Great suggestion from The Free Beacon: let's encourage them by contributing to their strike fund

ProPublica Faces Threat of Newsroom Strike

‘We are prepared to walk off the job,’ reporters say, as they foist large inflatable rat at protest

Ira Stoll 

February 23, 2026

ProPublica, which describes itself as "an independent, nonprofit newsroom that produces investigative journalism with moral force," but is in reality a left-wing investigative outlet bankrolled by left-wing foundations, left-wing donors, and anonymous benefactors, is facing a possible strike by workers who formed a union in 2023 but say management has been "unwilling to accept basic union protections" after more than two years of contract negotiations.

Employees picketed ProPublica offices in New York City, Washington, D.C., Austin, and Chicago earlier this month, toting signs that said "Ready to Strike" and "ProPublica Workers Deserve Fair Pay." They appear to have been accompanied by a large inflatable rat, a frequent tool used by organized labor to depict management and non-union labor as vermin.
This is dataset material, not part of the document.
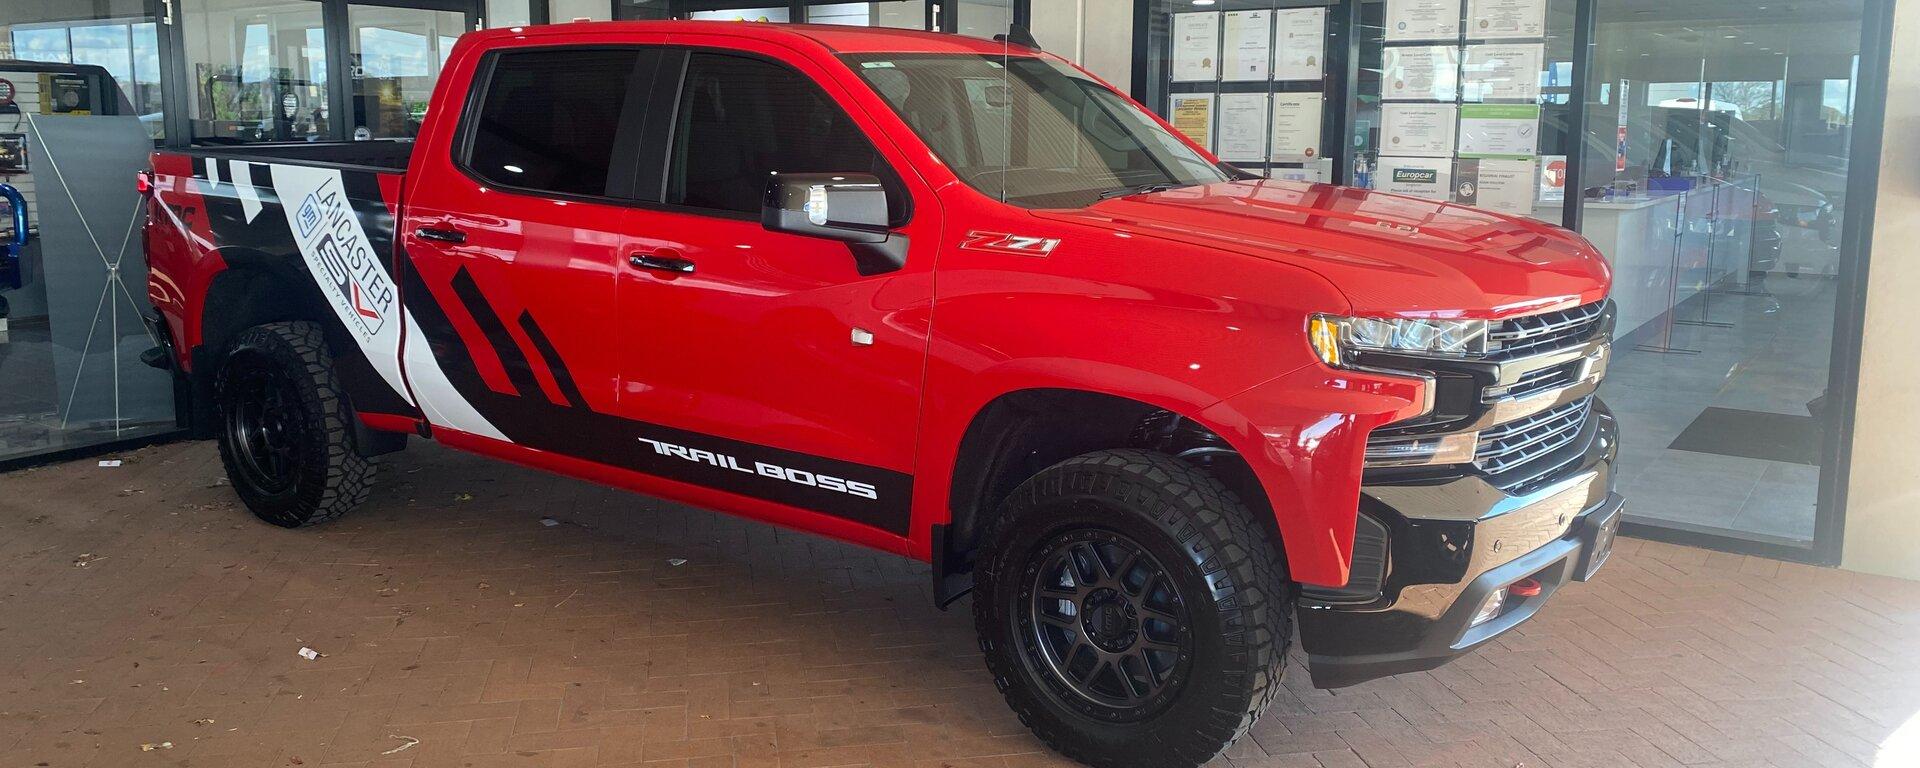 Will Brown's new Silverado 1500 LT TrailBoss

The union has also raised more than $24,000 toward a strike fund to replace wages if workers go out.

"We are prepared to walk off the job and forgo our paychecks to advocate for our members, for ProPublica readers and, now with the looming threat of AI, for the integrity of accountability journalism itself," the GoFundMe page for the would-be-strikers says.

"We are fighting for a fair contract that includes industry-standard ‘just cause’ job security, a fair and transparent disciplinary process, union steward representation when requested and guardrails ensuring artificial intelligence does not replace journalists. Our management has said no to all these common-sense protections that we deserve," a petition circulated by the union says.

….

ProPublica is funded in part by grants from left-leaning foundations including the Sandler Foundation, which gave $2 million in the year ended June 30, 2024; the MacArthur Foundation, which has given a total of $8,050,000; the Hewlett Foundation, which has given $3,750,000, and the Carnegie Corporation of New York, which has given $1,950,000. The Crankstart Foundation, run by Sequoia Capital’s Michael Moritz, donated $6.5 million in 2024.

The site’s news coverage is closely aligned with the Democratic Party agenda. Recent headlines include "New Moms in Wisconsin to Get Extension of Vital Benefits After GOP Powerbroker Ends Holdout," "Under GOP Pressure, Federal Agency Pulls Climate Change Chapter From Official Manual for U.S. Judges," and "A Year in Trump’s Mass Deportation Campaign." Among the most read stories in 2025 was an article headlined "To Pay for Trump Tax Cuts, House GOP Floats Plan to Slash Benefits for the Poor and Working Class." GOP is headline jargon for the Grand Old Party, which is to say, the Republicans. 

….

It’s unclear whether a strike would force ProPublica to cease publication or if it would continue publishing by having management or even replacement workers pump out copy demonizing Republicans. The organization is hiring; current openings include a defense reporter, to be paid $135,000 to $165,000 plus benefits, which include a retirement plan match of up to 5 percent of salary, 90 percent employer-paid health insurance, and "Company Issued Cell Phone or Cell Phone Bill Reimbursement (up to $80 per month)."

It’s almost tempting to contribute to the strike fund just to entice the Republican-demonizing reporters to walk off the job as midterm elections approach. If it works, the tactic could be used widely. Maybe a good investment would be funding cranky labor-union organizers at ZeteoDrop Site News, Al Jazeera, and other hostile publications, especially since the things the organizers appear most eager for—restrictions on use of artificial intelligence and layoff protections that make it nearly impossible to fire employees—are precisely provisions that impede productivity gains.